Cryo-EM structures of the ExbB and ExbB-ExbD membrane protein complexes in the Gram-negative bacteria Serratia marcescens reveal insights into inner membrane machinery and interactions specific to the Has system. ExbB and ExbD are cytoplasmic membrane proteins that associate with TonB to convey the energy of the proton-motive force to outer membrane receptors in Gram-negative bacteria for iron uptake. The opportunistic pathogen Serratia marcescens (Sm) possesses both TonB and a heme-specific TonB paralog, HasB. ExbB(Sm) has a long periplasmic extension absent in other bacteria such as E. coli (Ec). Long ExbB's are found in several genera of Alphaproteobacteria, most often in correlation with a hasB gene. We investigated specificity determinants of ExbB(Sm) and HasB. We determined the cryo-EM structures of ExbB(Sm) and of the ExbB-ExbD(Sm) complex from S. marcescens. ExbB(Sm) alone is a stable pentamer, and its complex includes two ExbD monomers. We showed that ExbB(Sm) extension interacts with HasB and is involved in heme acquisition and we identified key residues in the membrane domain of ExbB(Sm) and ExbB(Ec), essential for function and likely involved in the interaction with TonB/HasB. Our results shed light on the class of inner membrane energy machinery formed by ExbB, ExbD and HasB.

Automated summary

The cryo-EM structures of the ExbB and ExbB-ExbD membrane protein complexes in Serratia marcescens provide insights into the inner membrane machinery and specific interactions related to the Has system.

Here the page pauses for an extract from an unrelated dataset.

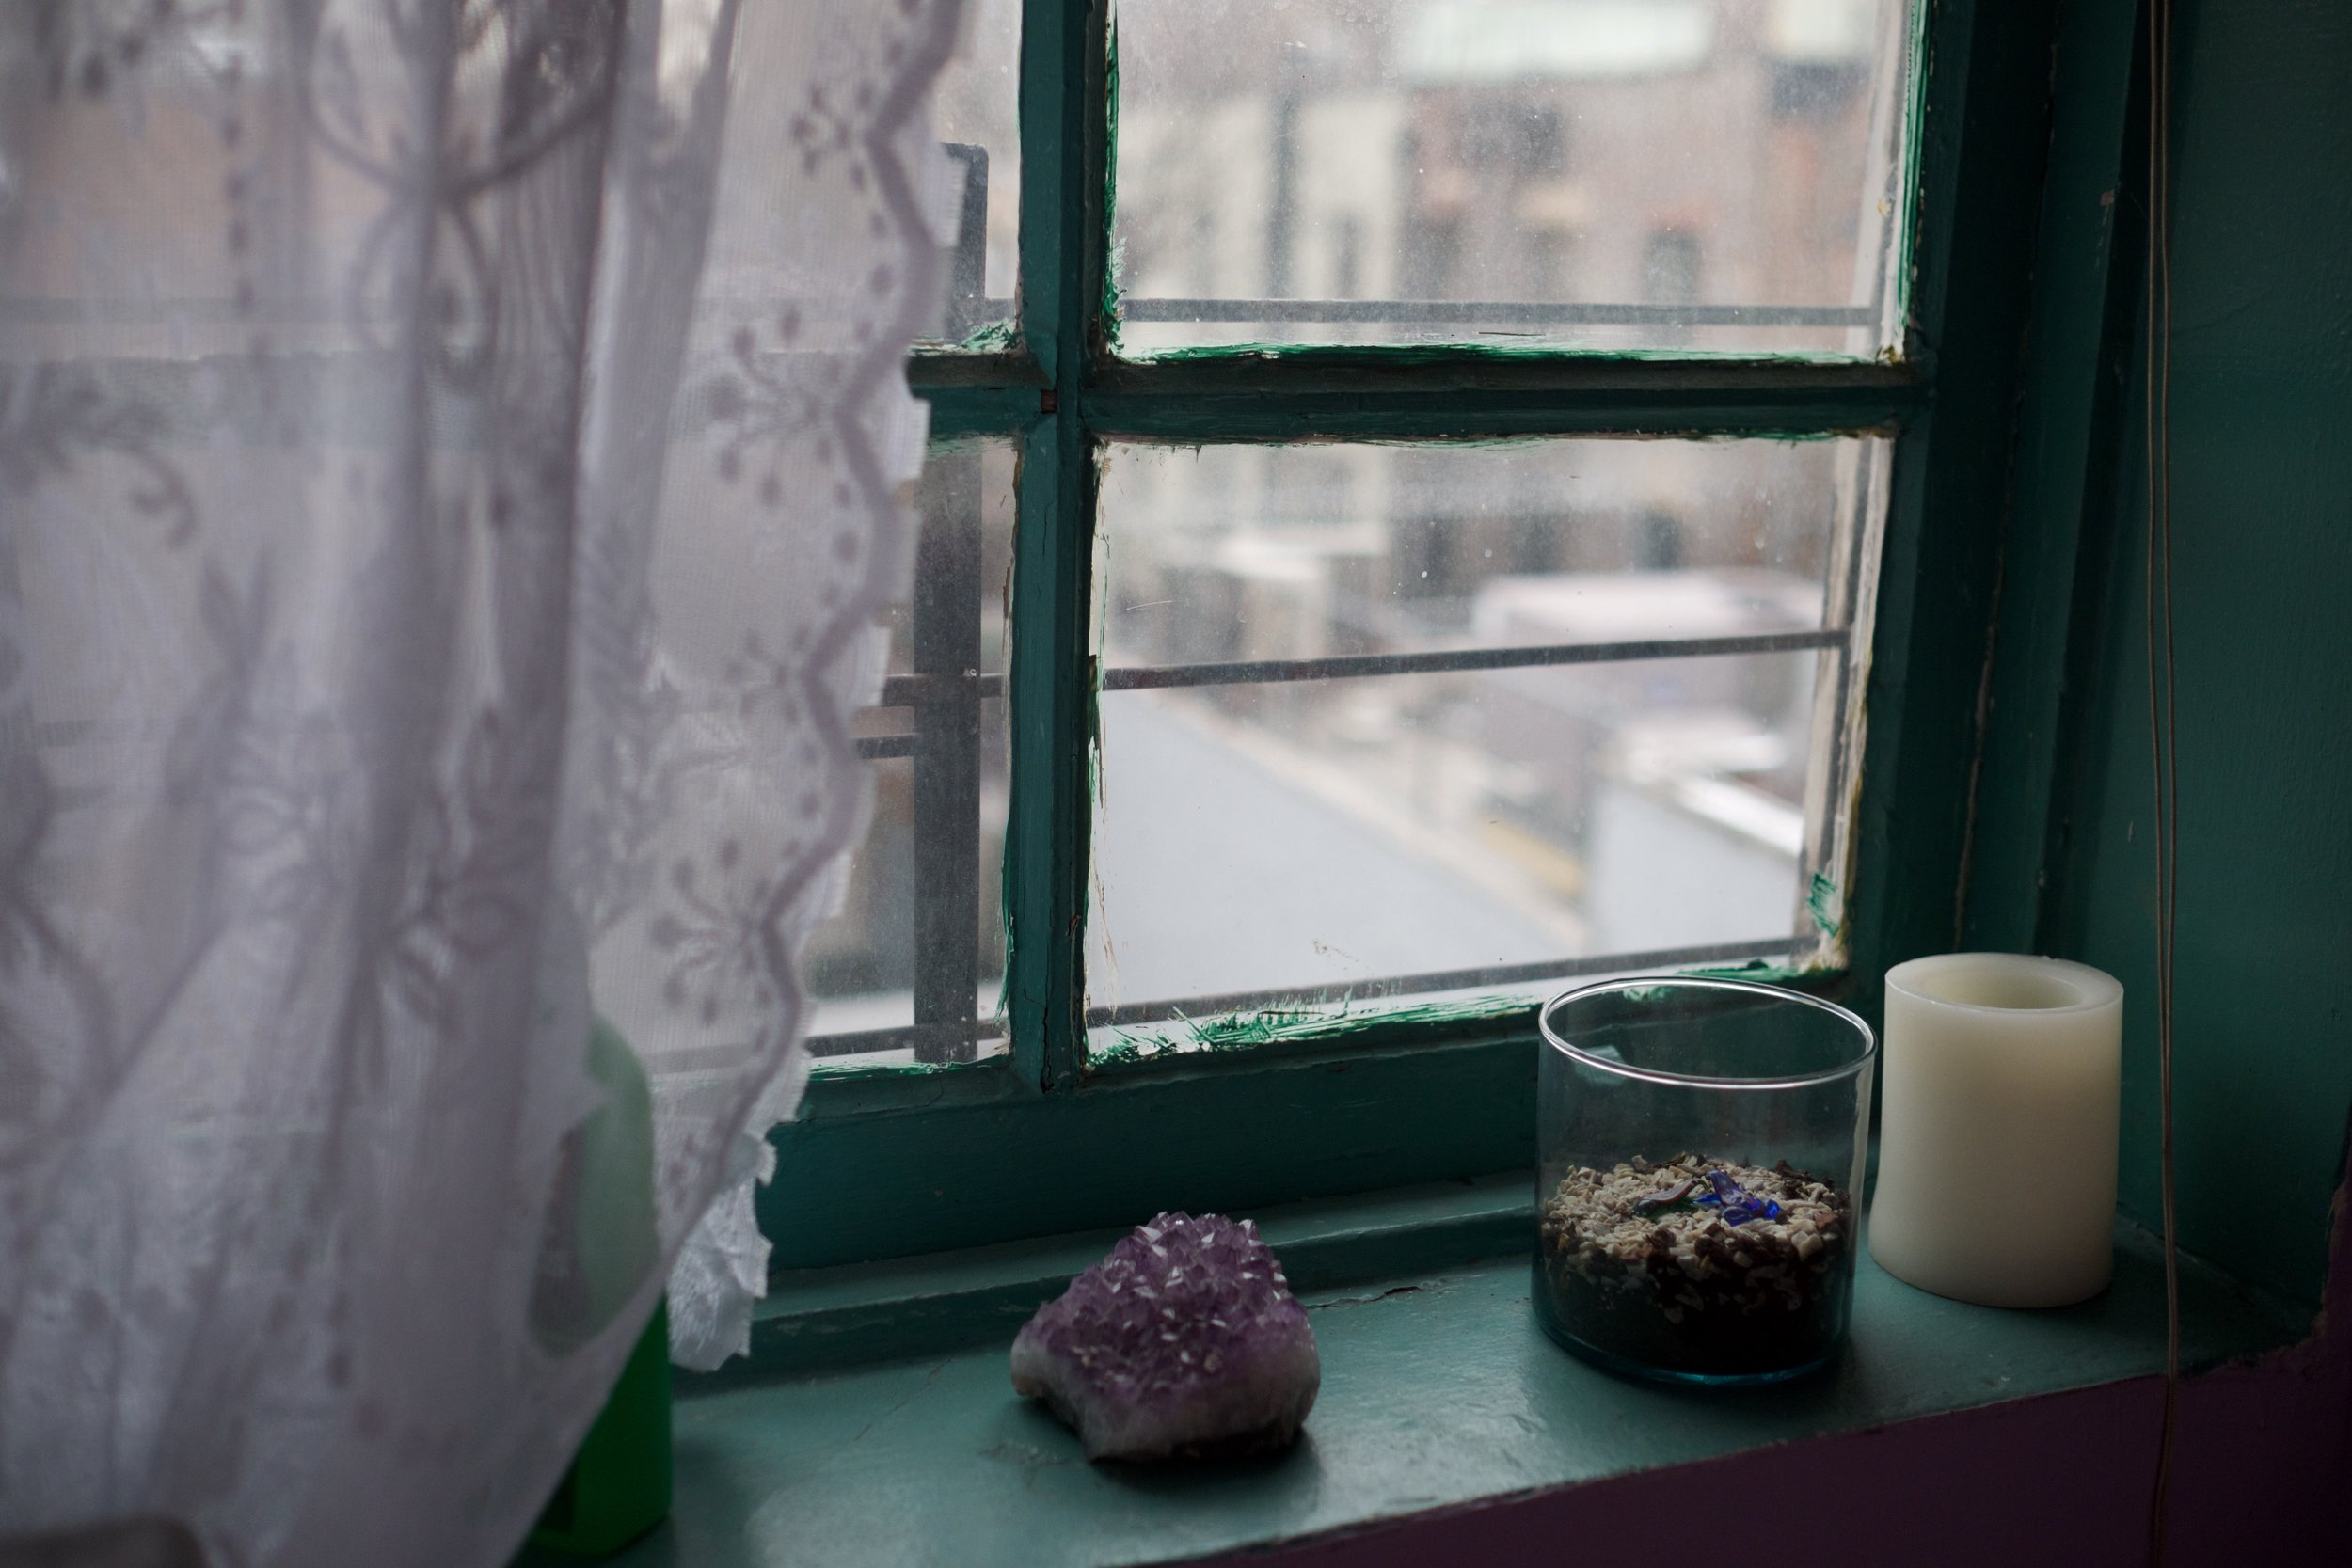 Karen's bedroom at the homeless shelter, six months after her arrival. East Village, NY (December 17, 2017)

The study reveals that ExbB(Sm) interacts with HasB through its periplasmic extension, and this interaction is involved in heme acquisition. Key residues in the membrane domain of ExbB(Sm) and ExbB(Ec) play an essential role in function and likely participate in the interaction with TonB/HasB. This research sheds light on the inner membrane energy machinery formed by ExbB, ExbD, and HasB.